KRISTINA: exactly. And like all the, like the ministries and governments that approach us and but also young women who say, it's the first time that I feel like international affairs is also for me. And because how foreign affairs international politics, diplomacy, I studied diplomacy at Oxford and I always thought like Oxford is like the place and there were so many things lacking still. And I never felt that diplomacy is for me as well. Um, but so we are the world's first organization on feminist foreign policy. And we are standing on so many shoulders of giants and, and I can already see that so many others take inspiration from us. So it's like this, this movement is getting stronger, and we're collaborating beyond national borders and beyond continents, and it's just really encouraging. Yeah. And so last question. how people can support us? we have a membership program. Yeah. And we've made for everyone joining us as

SUSAN: a member. What does that mean to do that? And how do they do it?

KRISTINA: And so if you go on our website, that's the centerforfeministforeignpolicy.org/membership. By

SUSAN: the way, I really like this website. It's wonderful to spend some time just, you know, touring around in it. There's a lot in there.

KRISTINA: Thank you. Thank you. Yeah, you can become a member like different types of membership and that way you can support us financially and we share lots of like inside information and specific newsletter and they are

SUSAN: Well, Kristina, thank you so much for your time. As everybody seems to be saying these days stay safe, stay strong. Stay home.

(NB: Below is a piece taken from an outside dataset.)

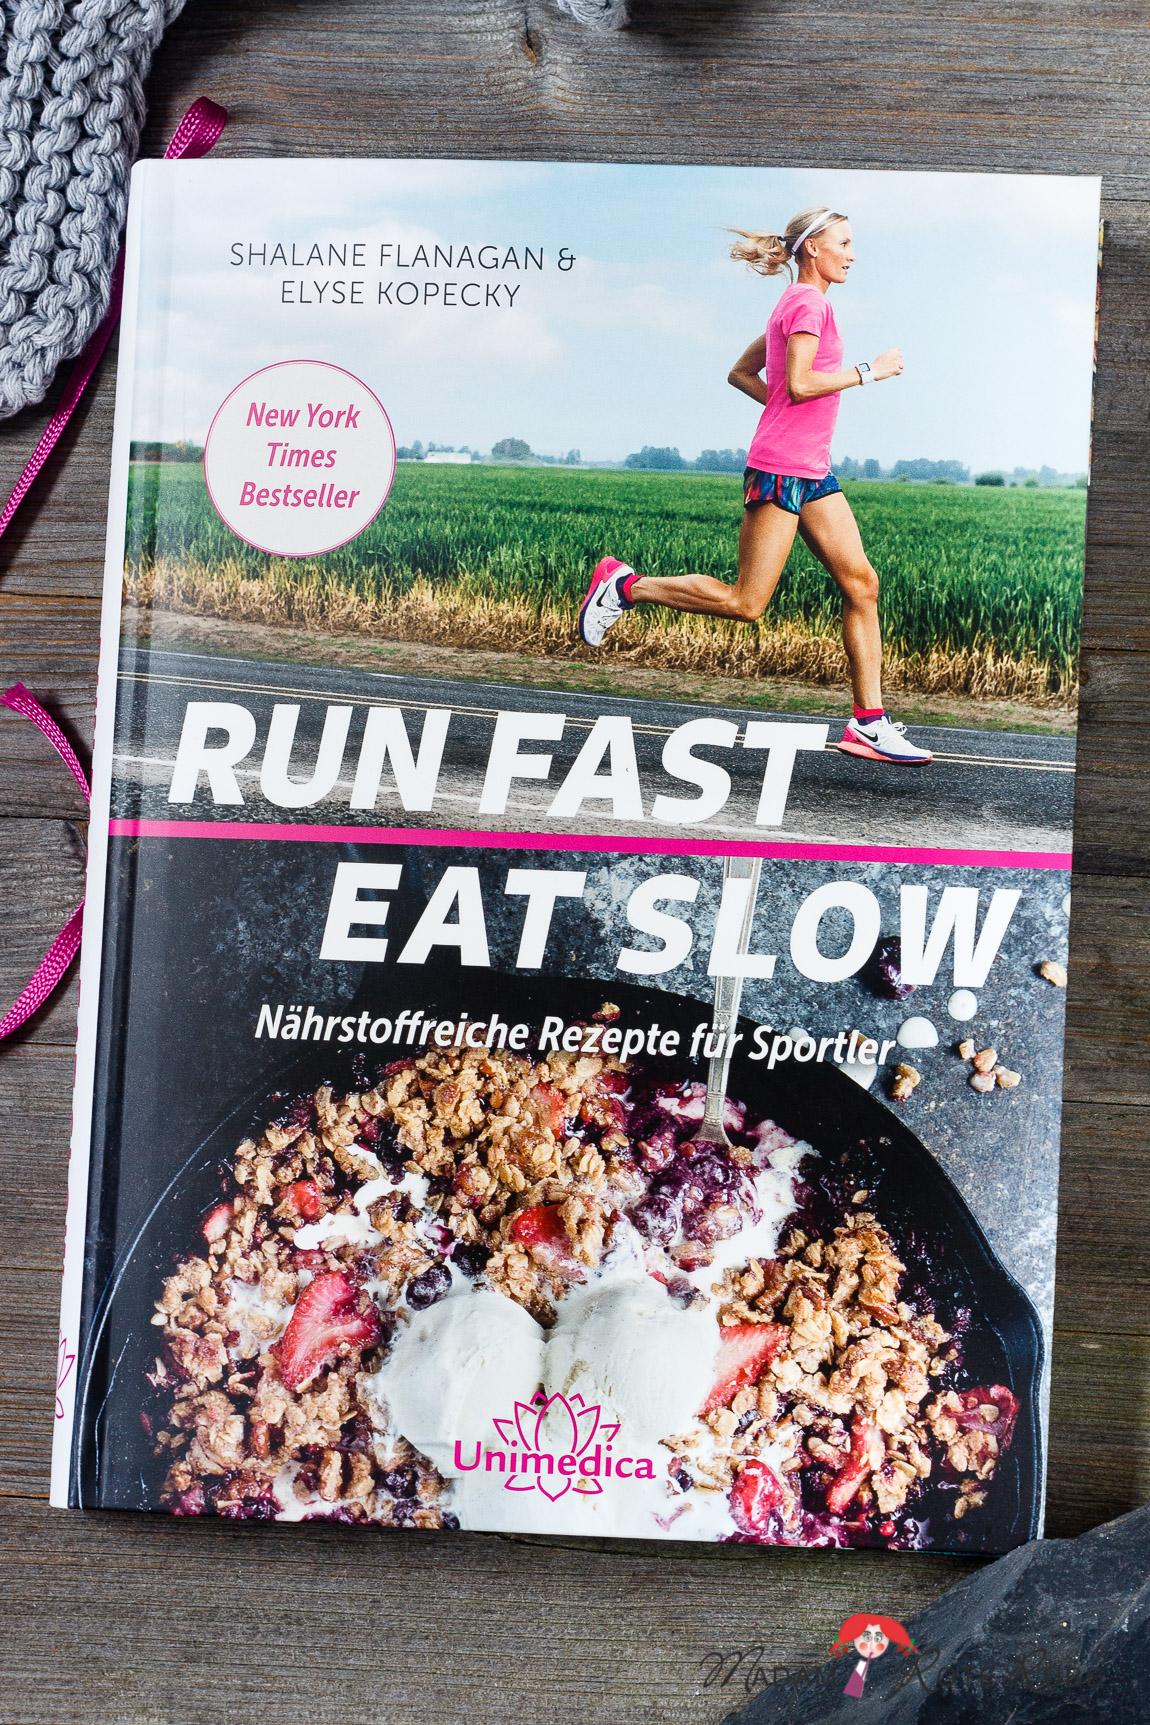 Kochbuch-Vorstellungen: Run Fast Eat Slow

KRISTINA: Right? All of that.

SUSAN: But I hope this is not the first time we cross paths. And I hope that I can be supportive to you and your work. And we can collaborate because I'm really just so impressed with what you're doing. And so glad you're putting this on the agenda because I, you know, for many, many years, I spent years at Columbia University and around the School of International Public Affairs and which, you know, I have, I'm very grateful for many things that happens there and very aware of also how deep some of the patriarchal structures are in a lot of those institutions. And it's time to time to start, you know, breaking them up, moving things around, and I will say I just think the world for men, women, for people, will be so much more pleasurable for it. You know, I think having a son who is just such a beautiful soul and watching how patriarchal structures have molded him, limited him. He's fighting against it. But boy just so limits what men what men can feel and do and be. And so feminism is a very, I think a very, very luscious thing for all people. Yeah.

KRISTINA: Well, it's definitely exactly, exactly. Thank you so much, Susan. Thank you.